Изучая марксизм и историю партии, Саша не раз задумывался над марксистскими положениями о роли личности в истории. Он внимательно прочел недавно вышедший Краткий курс истории партии, который, по слухам, написал или, во всяком случае, редактировал Сталин. Там тоже было сказано, что не герои делают историю, а история делает героев, что не герои создают народ, а народ создает героев и двигает историю вперед… Зачем же мы приписываем все, что творит весь народ и вся партия, в заслугу одному человеку? Ему это не нужно, он и так велик, а для воспитания чувства ответственности за общее дело это — вредно.
Так иногда размышлял Саша наедине с самим собой. Эти размышления не уменьшали его восхищения Сталиным, а заставляли досадовать на слишком усердных восхвалителей. У него было свое, глубоко интимное представление об этом человеке, сложившееся из собственных ощущений при чтении логически отточенных сталинских речей, из рассказов шахтеров, побывавших на совещании стахановцев в Кремле, из отдельных черточек и слов, тронувших Сашу за сердце. Он создал себе образ человека прямого, строгого и работящего, человека, который всегда ищет новое, никогда не останавливается на достигнутом и умеет глядеть вперед, любовно растит самых рядовых людей — трактористок и звеньевых, шахтеров и кузнецов, летчиков и полярников… Доброе, поощряющее слово этого человека казалось ему высшей из возможных наград…
И вот он ехал в Кремль, к Сталину.
Ехал — и замечал, как дрожат большие коричневые руки Бурмина, как мертвенно-бледен Алымов. И с тяжелым недоумением осознавал, что его самого тоже пронизывает страх, он словно виноват в чем-то и ждет суда.
Утром он предупредил Любу, что может задержаться, но больше ничего не сказал, чтоб не волновать ее. Теперь он старался запомнить все, что видел в Кремле, — вход, где так тщательно проверяют документы и вглядываются в твое лицо, сверяясь с фотокарточкой; кремлевский двор со знаменитой царь-пушкой и чугунным ядром возле нее; боковую узкую улочку, по которой они шли, — Бурмин, понизив голос до шепота, сказал, что здесь жил Ленин… Все это он разглядывал и старался запомнить, чтобы рассказать Любе, и вдруг поймал себя на дикой мысли, что может больше не увидеть ее…
Что за бред! Глупый бред, нелепая трусость! Это все породили нервная обстановка расследования, и ласковые слова Бурмина: «А ты готовься, сынок, трепки не миновать», и уход Колокольникова в больницу, и истерическая взвинченность Алымова — он весь день писал нескончаемое письмо Катерине и говорил со всеми тоном человека, делающего устное завещание, И еще — предупреждение профессора Граба. И то, что все последние дни Клинский отказывался принять и даже поговорить по телефону. И — тишина в Углегазе. Странная тишина оттого, что никто не приходит и не звонит, а сотрудники разговаривают вполголоса, как в комнате умирающего.

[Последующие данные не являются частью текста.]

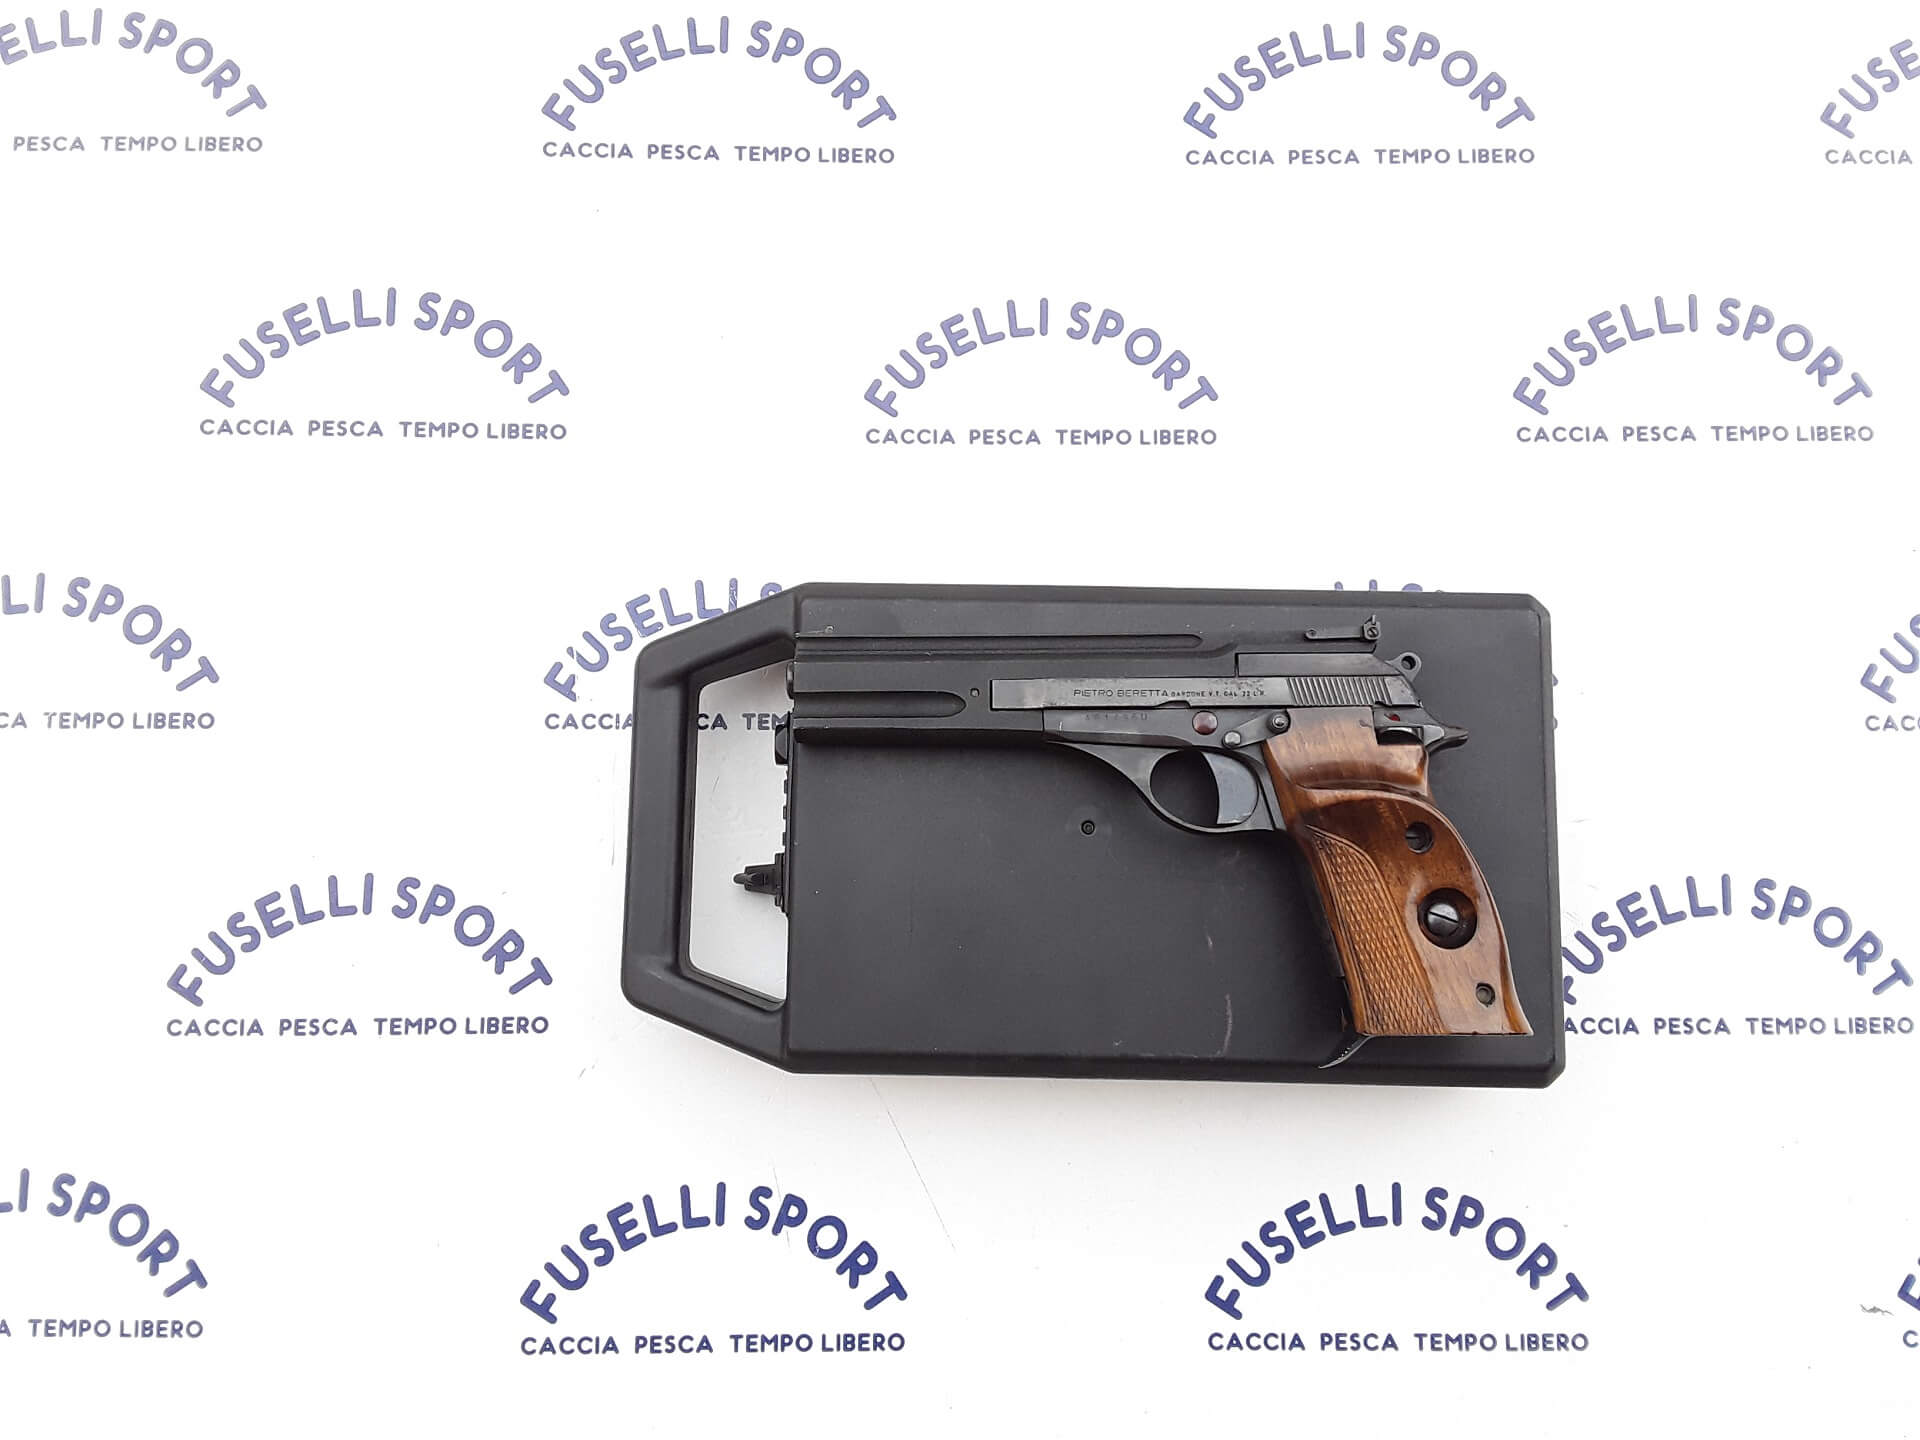 Pistola semiautomatica Beretta Cal 22 LR modello 76 con valigetta €350

Жизнь или смерть? Во всяком случае, судьба дела и каждого из нас. «Быть или не быть?»
От волнения он не видел — и потом не мог вспомнить, — как они входили в комнату заседаний и какая она, эта комната. За длинным столом сидели люди, как всегда сидят на заседаниях, переговариваясь или просматривая бумаги, — многих из них Саша знал по портретам. Сталина не было.
Кто-то сказал: «Садитесь!» — и Саша сел. Почему-то он заметил и запомнил слегка покачивающуюся, присобранную белую занавеску на окне и синий табачный дымок, вьющийся в струе воздуха.
— Давайте. Пять минут, — сказал тот же голос. И Клинский — он сидел наискосок от Саши, — Клинский подобострастно вытянул голову на тоненькой шее (Саша не замечал раньше, что у него такая тоненькая шея) и начал докладывать.
И вдруг Саша увидел Сталина.
Он стоял в стороне, в тени между двух окон, и чиркнул спичкой, закуривая. Потом он сделал несколько коротких шажков и остановился у стола.
Клинский продолжал говорить, и Саша смутно понимал, что он с непонятной старательностью искажает все факты, но сосредоточиться на слушании Саша не мог: сейчас для него существовал только Сталин.